Кульман Н. «Цикады» Бунина // Возрождение. 1925. 17 декабря. № 198. С. 3–4. [«Цикады» И.А. Бунина в СЗ № 26]

 

 

 

Н. Кульман

«Цикады» Бунина

 

От бледных звезд, раскинутых в зените

И до земли, где стынет лунный сон,

Текут хрустально-трепетные нити…

Из сонма жизней соткан этот звон.

 

Бунин                       

 

Мы уже привыкли к тому, что каждое новое произведение Бунина ожидается с нетерпением, а встречается почти всегда восторженно. И, хотя сила художественного таланта Бунина давно определилась, однако постоянно кажется, что его изумительное дарование беспредельно растет и развивается. Очевидно, Бунин далеко еще не исчерпал всех своих творческих возможностей ни в области сюжетов, ни в области образов, мыслей или настроений. Вот почему психологически естественна и понятна оценка, которую часто приходится слышать при появлении новых его произведений: «Пожалуй, это лучшее из написанного Буниным». Источник этой оценки в свежести, яркости и некоторой необычности эстетических переживаний, которыми каждый раз дарит Бунин своих читателей.

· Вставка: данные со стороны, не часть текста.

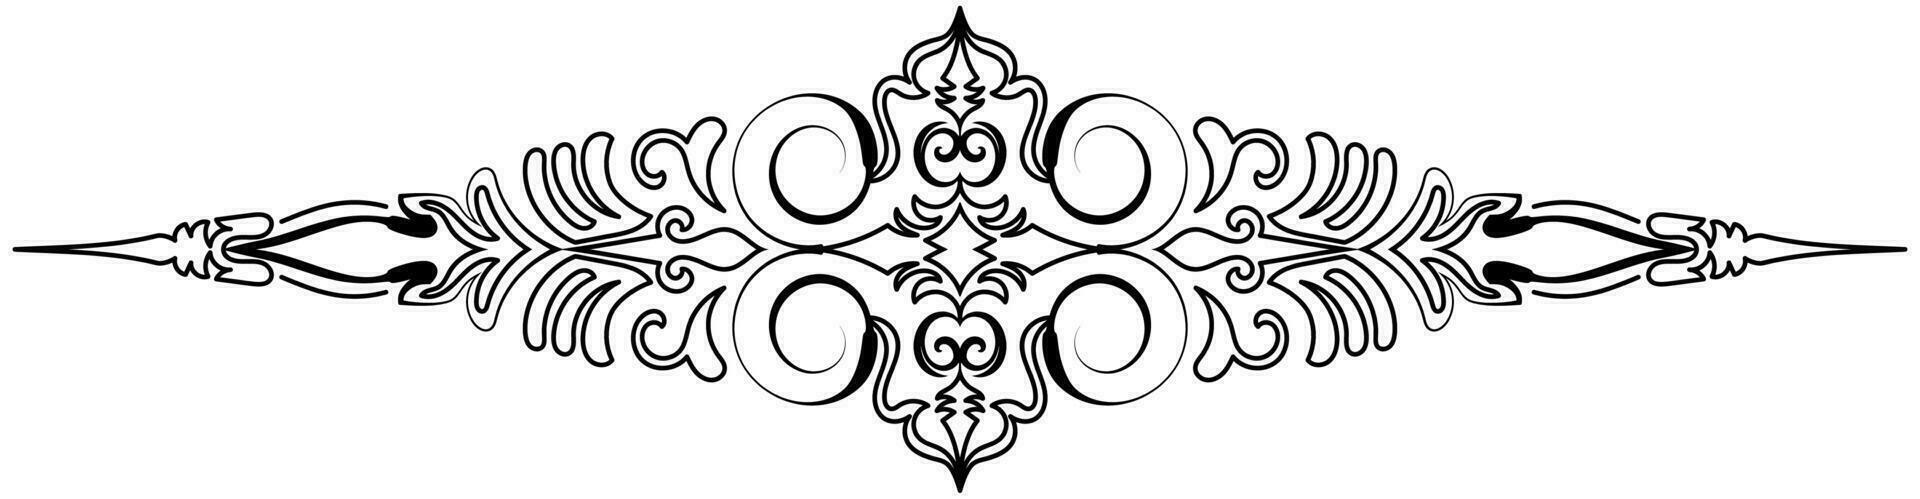 Blume Rand dekorativ Design Element Hochzeit Banner, Rahmen, Etiketten, schwarz Linien auf Weiß. vektor

О писателе среднем, не выходящем за грань обыкновенного, можно безошибочно сказать, что он еще способен дать. В каждом новом произведении такого писателя без труда узнаешь старого знакомого, только, может быть, слегка переменившего свой костюм: те же жесты, мысли, слова, пафос, манера держать себя. Вы можете любить его, встреча с ним вам доставит даже известное удовольствие, но никогда ничего по настоящему нового вы от него не получите.

Творчество Бунина всегда отличалось самобытностью, независимостью, смелостью и многогранностью. Поэтому произведения его и вызывали, с одной стороны, много толков, а с другой — много толкований. Началось это давно, особенно же проявилось с «Деревни». Художественную ценность ее отрицать было мудрено, но радикальный катехизис и радикальная управа благочиния требовали похода против той горькой, беспощадной и предостерегающей правды, которою дышала каждая страница «Деревни». И поход начался не только против этого произведения: ополчились против самого Бунина.

Однако Бунин продолжал идти своей дорогой, которую он избрал с самого начала своей литературной деятельности. Он никогда и никому не угождал — ни литературной моде, ни литературным кружкам, ни политическим направлениям. Борьба за творческую независимость порою казалась неравной, но победа в конечном итоге осталась за ним, и победа блестящая, прочная во всех отношениях: в то время как многие литературные «модники» уже окончательно отцвели, и для них, хотя они еще пишут, начался процесс забывания, Бунин завоевал себе славу, растущую с каждым днем и далеко уже вышедшую за пределы местной национальной оценки.

За годы изгнания творчество Бунина развертывается все шире. Вспомните хотя бы такие произведения, как «Безумный художник», «Косцы», «О дураке Емеле», «Преображение», «В ночном море», «Огонь Пожирающий», «Несрочная весна», «Митина любовь» и др. Какое разнообразие тем, какая художественная гибкость, идейная и моральная глубина! Во всех этих произведениях Бунин не только открывает читателям новые родники эстетического очарования, но и ставит ряд глубоких вопросов. Недаром «Митина любовь» заставила некоторых критиков заняться классификацией видов любви и одних с изумлением, а других, может быть, и с негодованием заметить, что «Митина любовь» не вмещается в эту классификацию. Тем хуже для классификации.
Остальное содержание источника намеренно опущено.